KEY POINTS:
Despite the not-guilty verdicts in the police sex cases, Louise Nicholas believes her case will make it easier for rape victims to come forward.
"If what I have done is going to help others I want to be part of that," said the woman whose public claims of being raped by a succession of policemen when she was a teenager triggered the trials.
Louise Nicholas said "it sucks" that juries were denied relevant information, such as convictions for similar offending. That denied juries the context to the evidence they were presented with and came with the risk that they were being blinkered.
She hoped law changes would be considered to make trials fairer for complainants whose lives were open slather to defence lawyers while the accused were protected from the same scrutiny.
"For a complainant to go through the experience of a rape trial takes a lot of guts. What women are scared of is being revictimised and you are. That rape is recurring, without the physical aspect."

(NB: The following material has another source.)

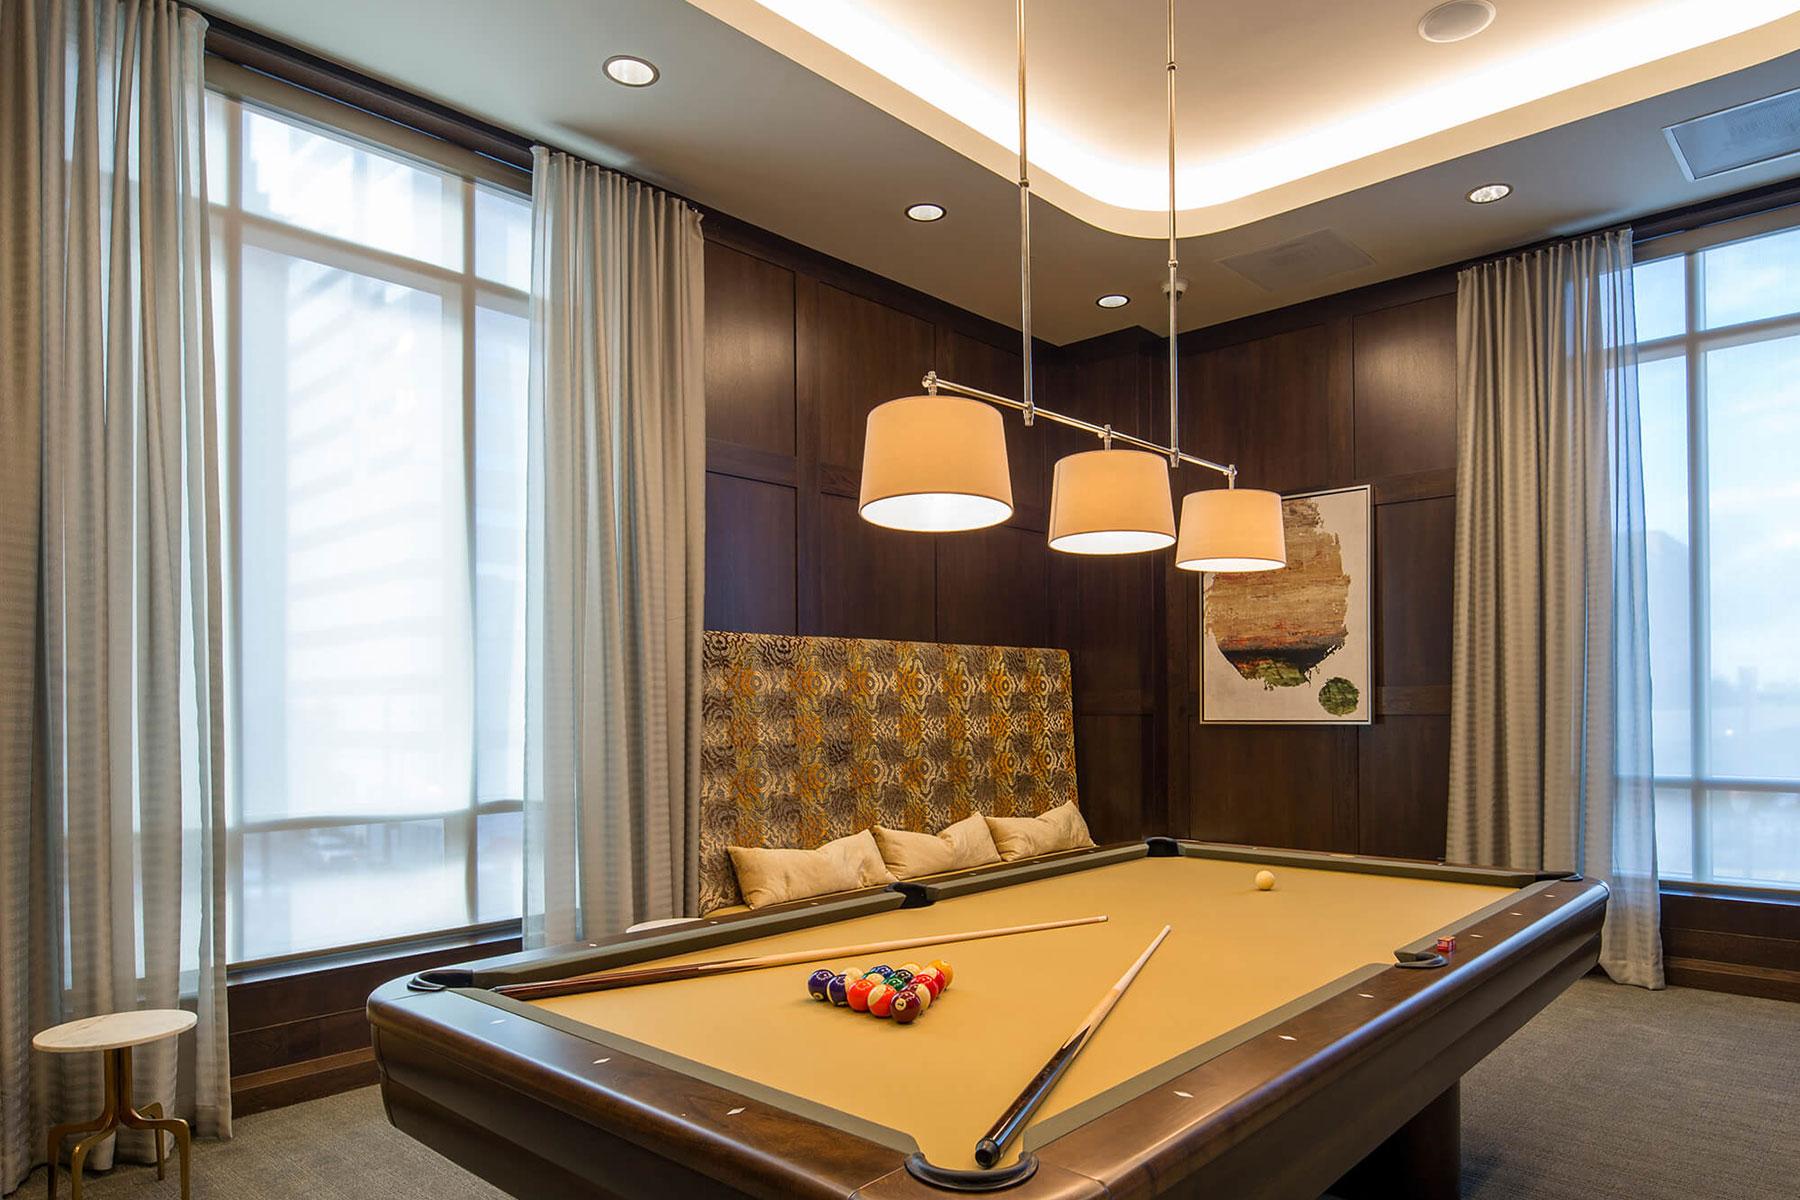 Market Square Tower Billiards Room

She had felt as if she was on trial. "That's what I asked myself when the defence were slamming me around the courtroom, 'who is on trial here?' There is no need for that nastiness, that abuse and in my opinion that's what it was."
She felt some relief that she had done all she could in telling her story and putting up with the ordeal that involved.
Her husband, Ross, was angry that "once again [the men] have walked but we can see that a lot of good is going to come out of it".
"The future is looking good for victims and survivors of rape."
Without her case there would not be a commission of inquiry looking into police conduct or an examination of what lessons might be learnt from what had happened.
"When I look back over the injustices that have occurred, finally now after 20 years I have got the opportunity to perhaps right those wrongs. And I think I have done it. I know that. They might have been acquitted but that means nothing to me because I think a lot more has been achieved from it."